What happens next for Rodriguez?

The Supreme Court’s ruling in favor of Rodriguez does not mean that he has been found innocent of federal drug charges. In official terminology, the Supreme Court remanded the case; that means they sent the case back to the Eighth Circuit Court of Appeals.

The Supreme Court ruled that prolonging a traffic stop without reasonable suspicion violates the Fourth Amendment, but the alternate question in this case is: did Officer Struble have reasonable suspicion to conduct a dog sniff? This question was not addressed by the Eighth Circuit when that Court first ruled against Rodriguez. However, in the record of the proceedings against Rodriguez, Officer Struble said that he noticed that Rodriguez’s car had a strong deodorizer, which made him suspicious. (Another analysis of the case by Rory Little mentioned that Officer Struble also said his suspicions were aroused by how nervous the passenger in the car was.) So probably what will happen next is that the Eighth Circuit will consider whether that amounts to reasonable grounds for a drug sniff.

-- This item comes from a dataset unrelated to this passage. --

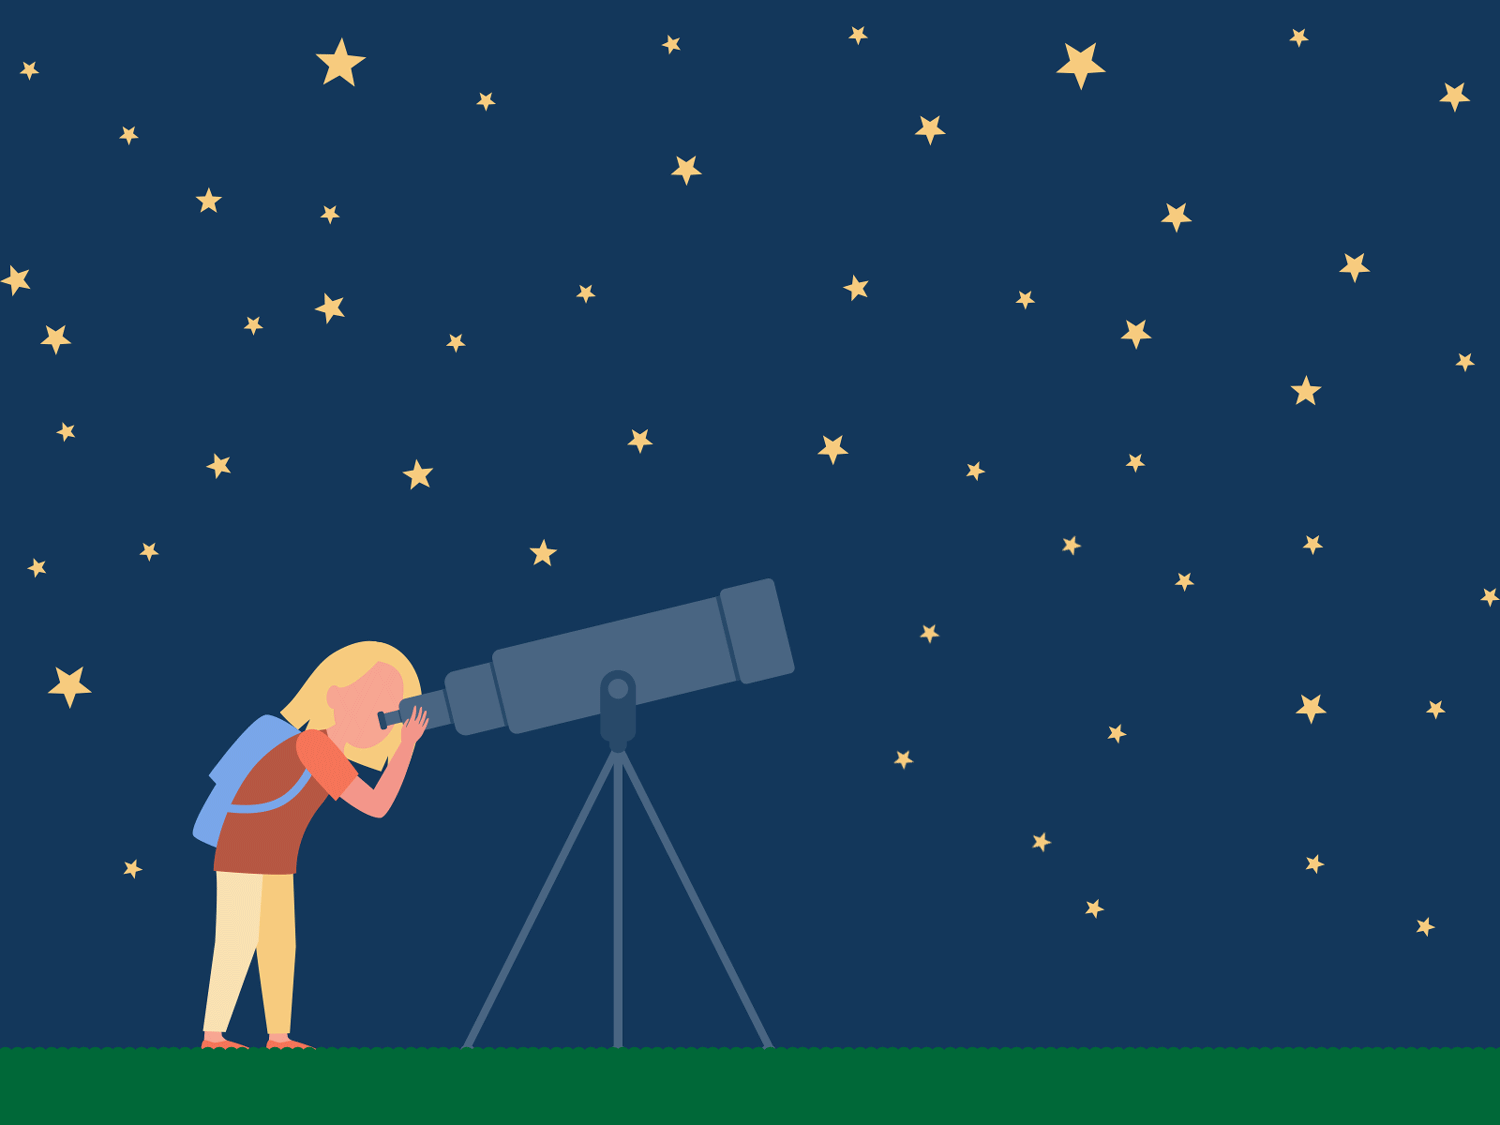 A person looks through a telescope and sees a lit up green object floating in the sky.

Does this ruling affect my case?

The Supreme Court did not explicitly make this ruling retroactive. That means that someone who has already been sentenced under the same circumstances — namely, they were arrested at a traffic stop in which a K-9 police officer performed a drug sniff, the drug sniff added time to the traffic stop, and the police officer had no reasonable grounds to suspect drugs would be found until the dog alerted — could use this in their case, but it might not help them. If the Government proved the police did have reasonable suspicions, then it definitely wouldn’t help them.

What loose ends does this ruling leave?

The Supreme Court’s majority ruling may sound like a simple rule, but, as Rory Little’s analysis of the opinion points out, real life is not so nice and neat. Since the majority opinion said that the problem is extending the time of the traffic stop, not with the dog sniff, will police officers squeeze dog sniffs into traffic stops by rearranging how they conduct a traffic stop? (The majority opinion said that if a police officer works faster, that just means the traffic stop ought to be shorter, but probably someone in law enforcement will be creative enough to think of a way around that.)

This case is really another form of the question: When is it allowable for what starts as a traffic stop to turn into a drug investigation? And does a dog sniff turn a traffic stop into a drug investigation? If so, was there “reasonable suspicion” to turn a traffic stop into a drug investigation? And if a dog sniff doesn’t turn a traffic stop into a drug investigation, why doesn’t it? Remember that right now the Supreme Court holds that a dog sniff is not an invasive search since it does not reveal any legal activities, only the presence of contraband. Rory Little’s analysis ends by asking whether that view of dog sniffs is going to change.

Nevertheless, it is reassuring that the Supreme Court’s ruling limits the power the police have to delay people during traffic stops.